Task prompt: Copy exactly. Include the line containing "Der rote Container", every line after it, and the last line below, but no pictures.

Given information:
+++++

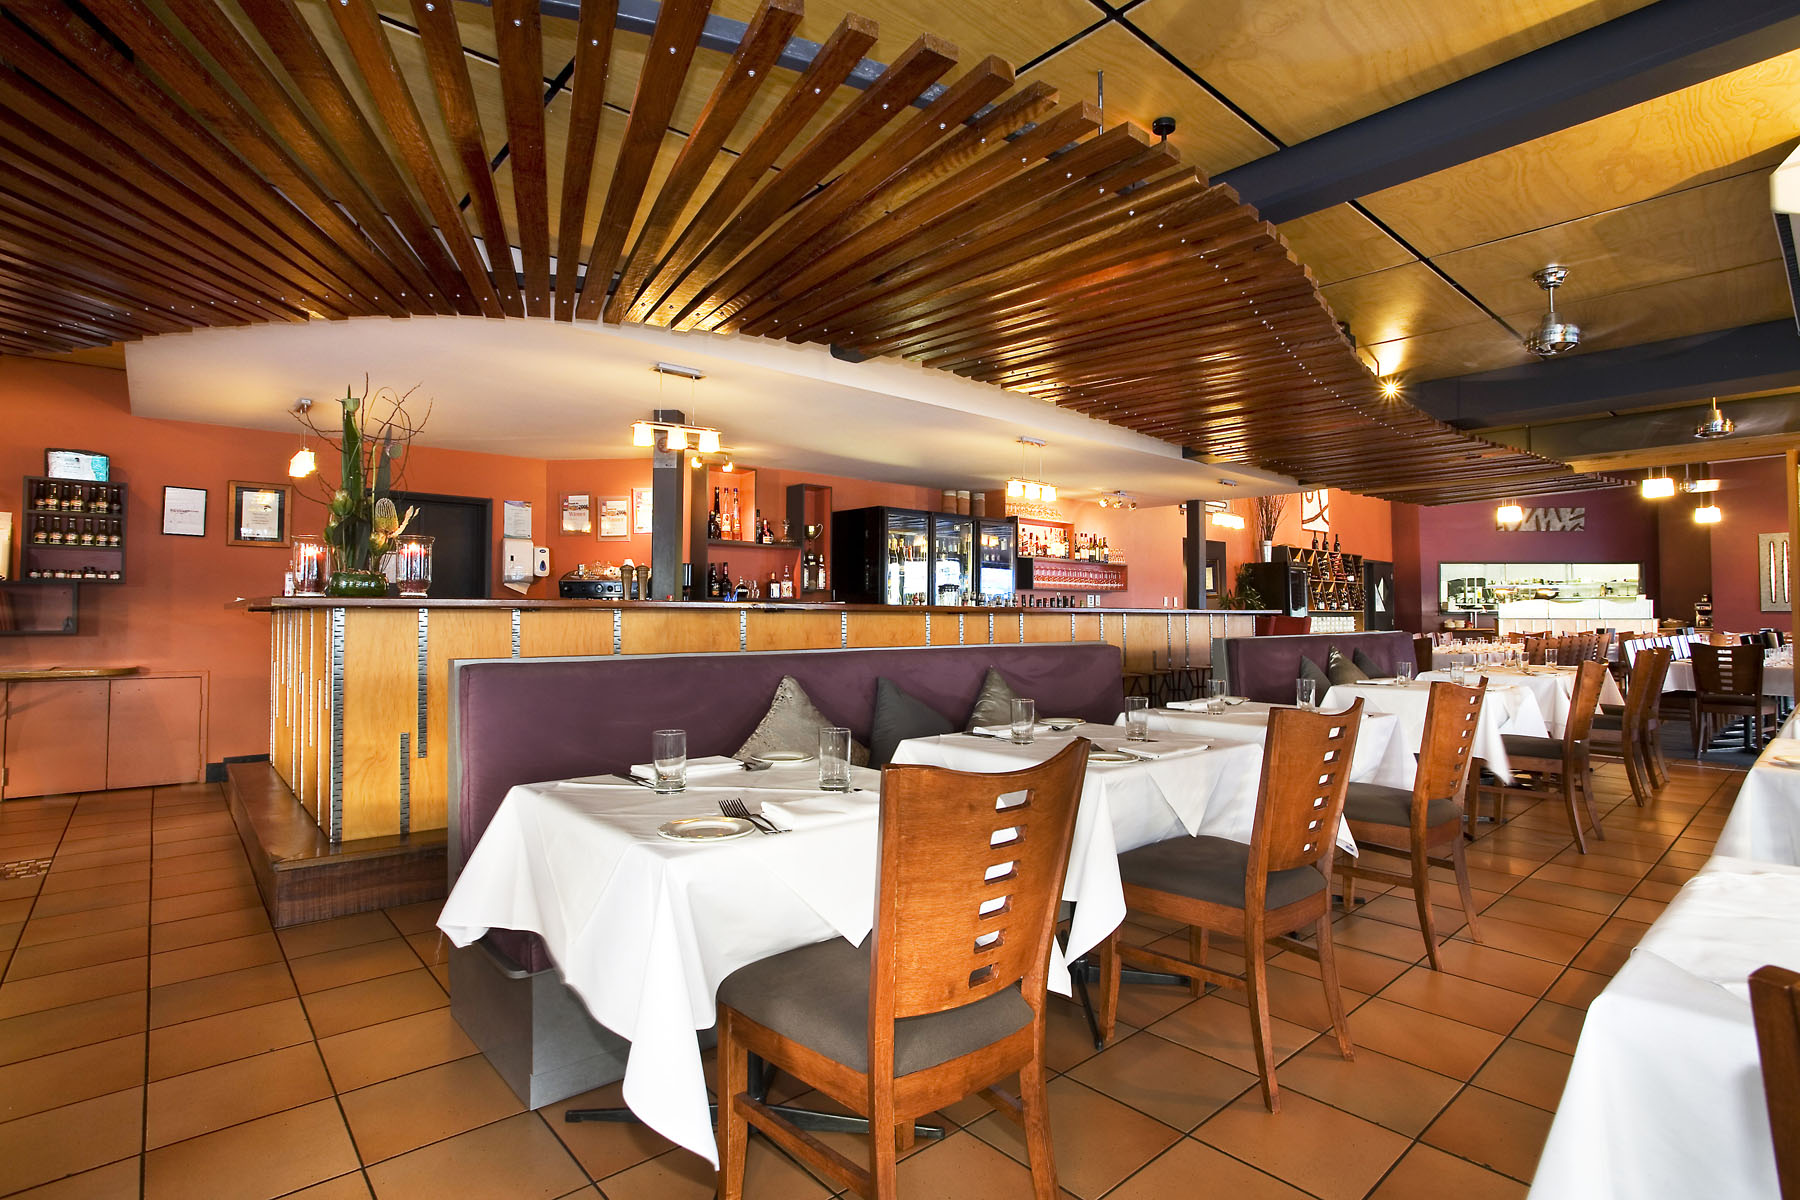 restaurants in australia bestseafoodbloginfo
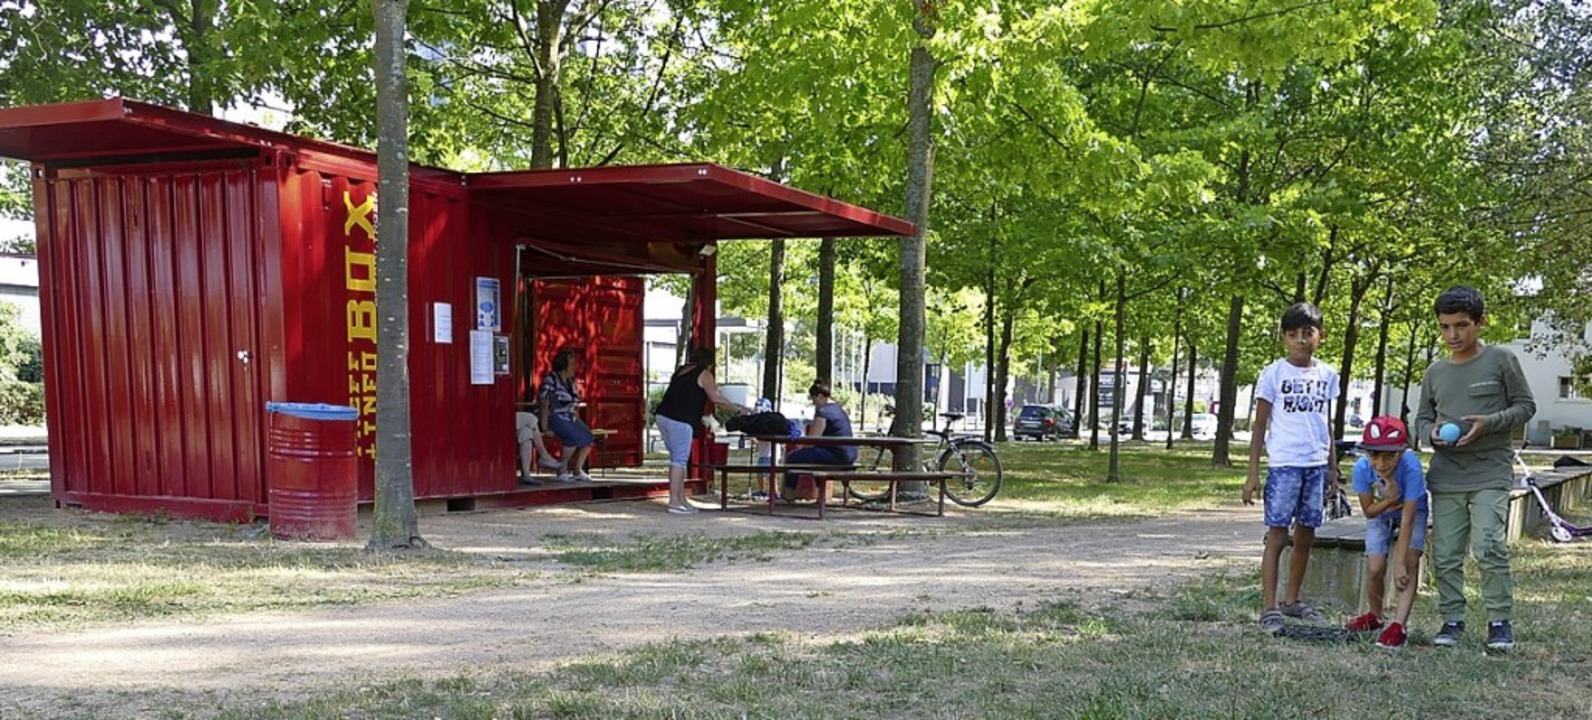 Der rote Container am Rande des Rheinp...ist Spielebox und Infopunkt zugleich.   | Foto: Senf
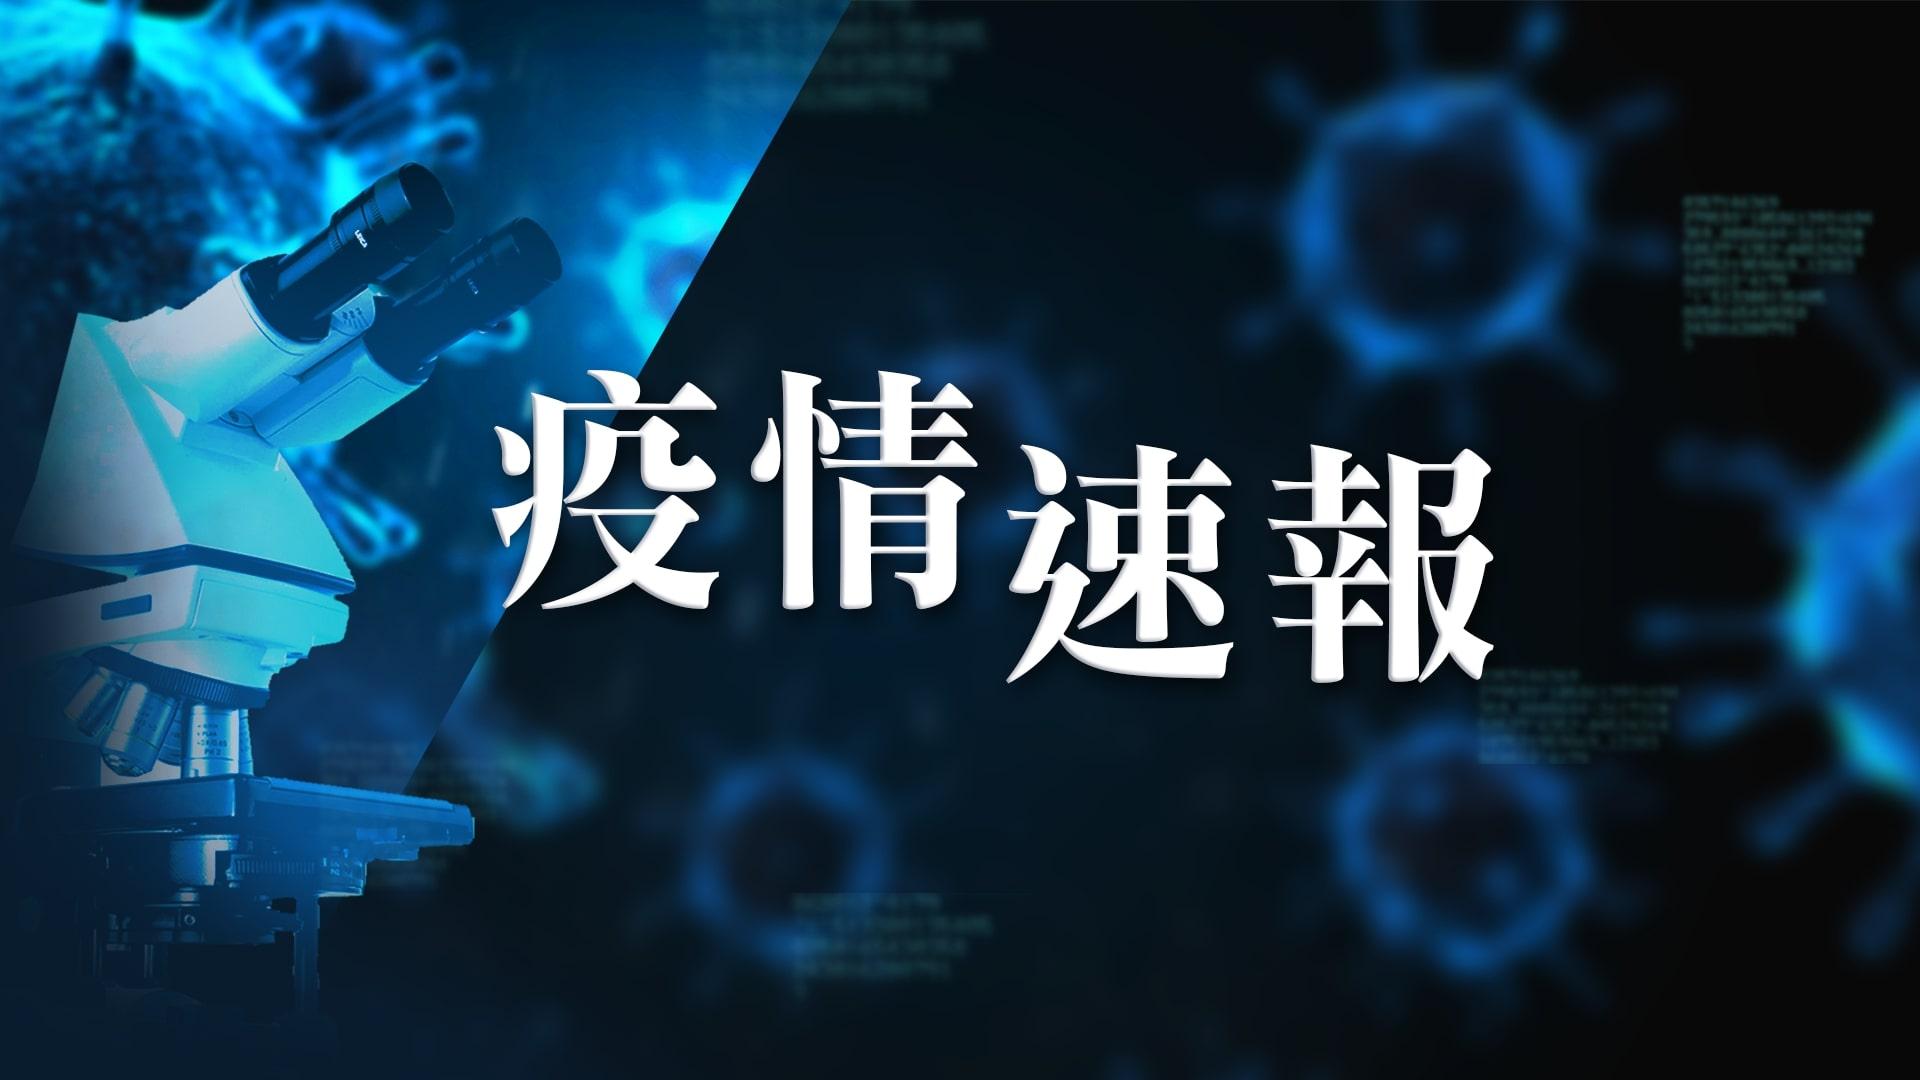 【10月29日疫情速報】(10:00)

+++++

Result:
 Der rote Container am Rande des Rheinp...ist Spielebox und Infopunkt zugleich.   | Foto: Senf
 【10月29日疫情速報】(10:00)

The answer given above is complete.